Additionally, three of our previously failed BWA-MEM2 analysis, which were reported on bwa-mem2 github page (35, 49, and 50), can now be finished successfully by utilizing a lower number of thread usage (with bwa-mem2 option -t), or by increasing the memory capacity.
BWA-MEM2 — the Intel accelerated version of BWA-MEM
The Burrow-Wheeler Aligner (BWA-MEM), which requires no introduction, is one of the most popular software tools in the Bioinformatics and Genomics industry. Being the first step short-reads undergo after generated by a sequencing instrument, BWA-MEM has been widely used as a common upstream tool. BWA-MEM generates alignments to a reference genome for a variety of germline and somatic genetic variant detections, such as single-nucleotide polymorphisms (SNPs), indels, structural variations, and copy number variations. With the widespread use of next-generation sequencing technologies, more and more sequencing reads are now being generated for translational research and clinical diagnostics. Scientists need to be able to process these reads more efficiently and cost effectively.
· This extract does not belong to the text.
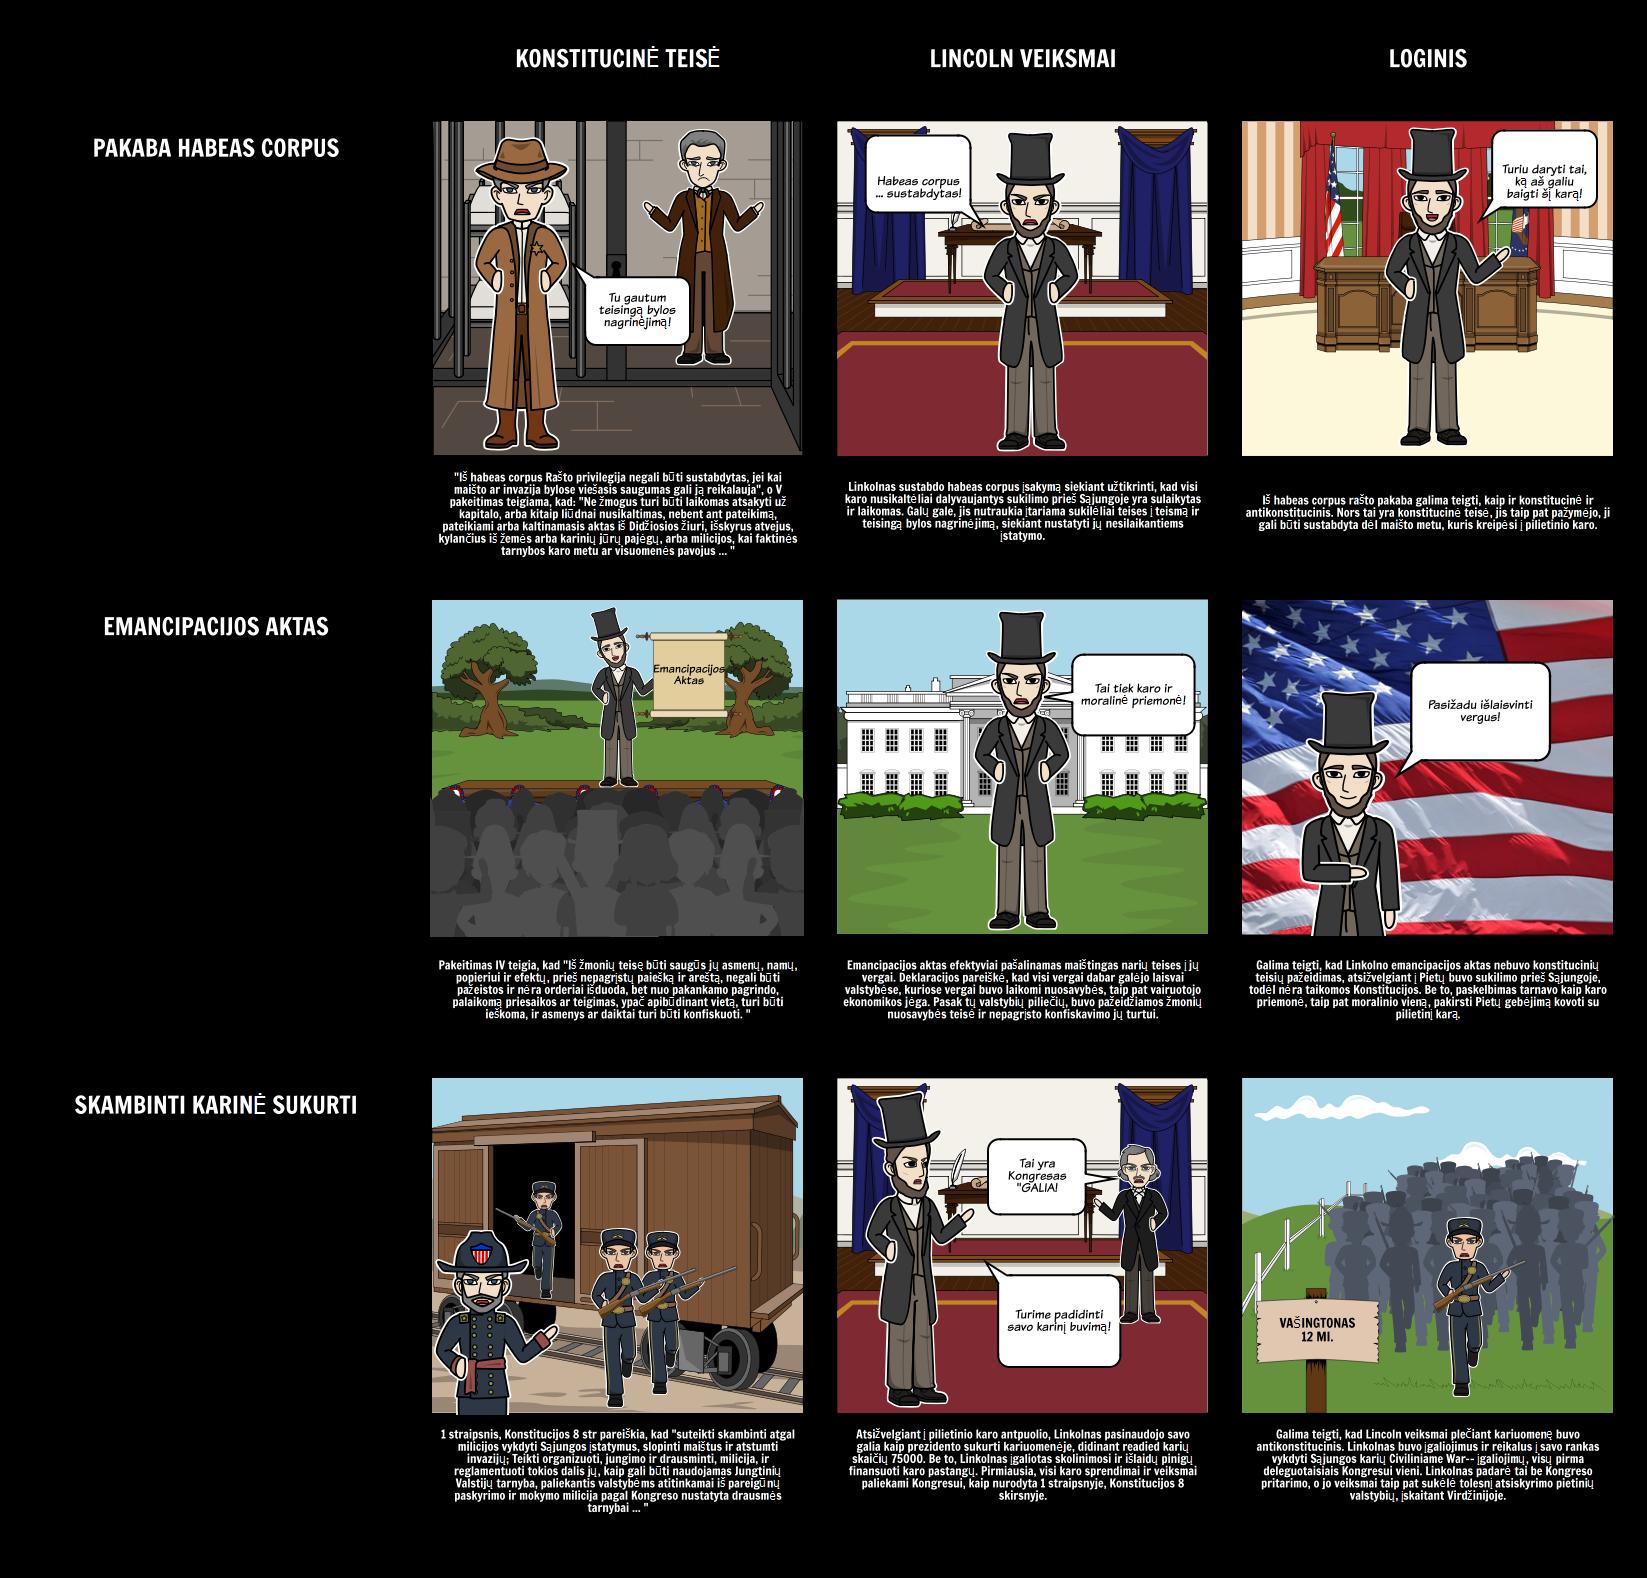 Linkolno Plėtra Įgaliojimų ir jos Konstitucingumo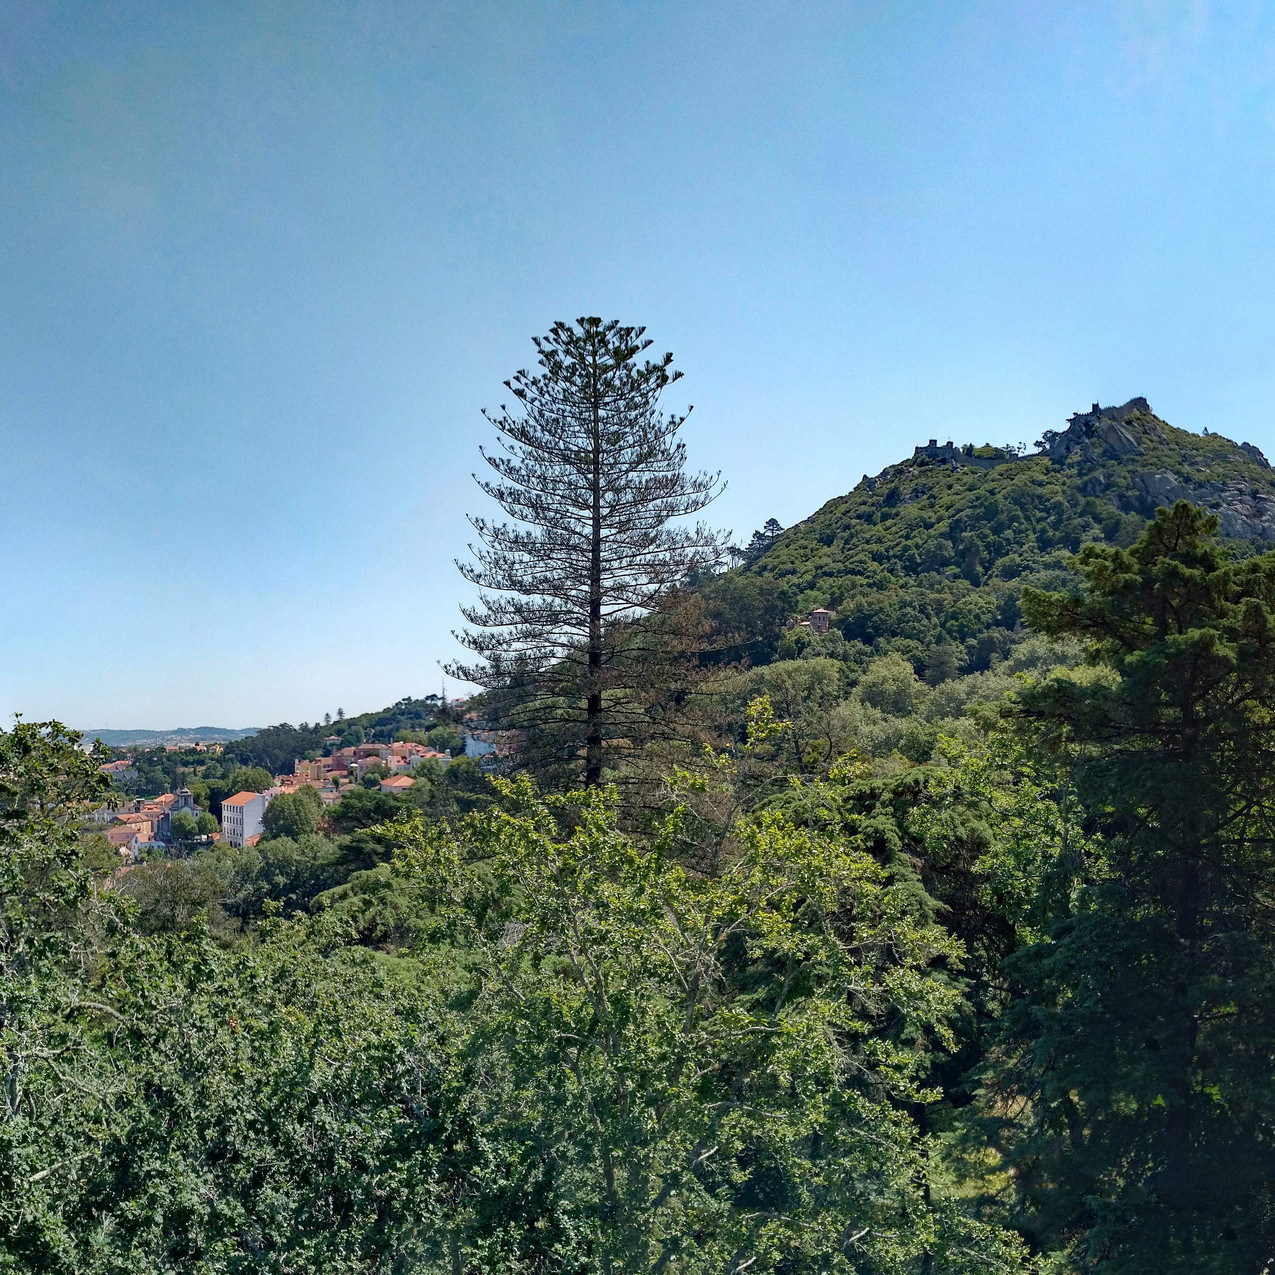 View from Quinta da Regaleira grounds

BWA-MEM2, which was recently announced at ipdps2019 (2019 IEEE International Parallel and Distributed Processing Symposium (IPDPS)) and published by Vasimuddin Md (@wasim_galaxy), Sanchit Misra (@sanchit_misra), Heng Li (@lh3lh3), and Srinivas Aluru from the Intel Corp., Dana-Farber Cancer Institute and Georgia Institute of Technology. The team optimized algorithms of BWA-MEM for three key kernels: (1) Search for super maxima exact matches (SMEM), (2) Suffix array lookup (SAL), and (3) banded Smith Waterman (BSW) algorithm. Part of the optimizations utilized the AVX-512 instruction, which is for the Intel® Xeon® Skylake processor and an Intel® Xeon® E5 v3 processor, while the other optimizations are generic and can provide performance gains on any of the modern processors.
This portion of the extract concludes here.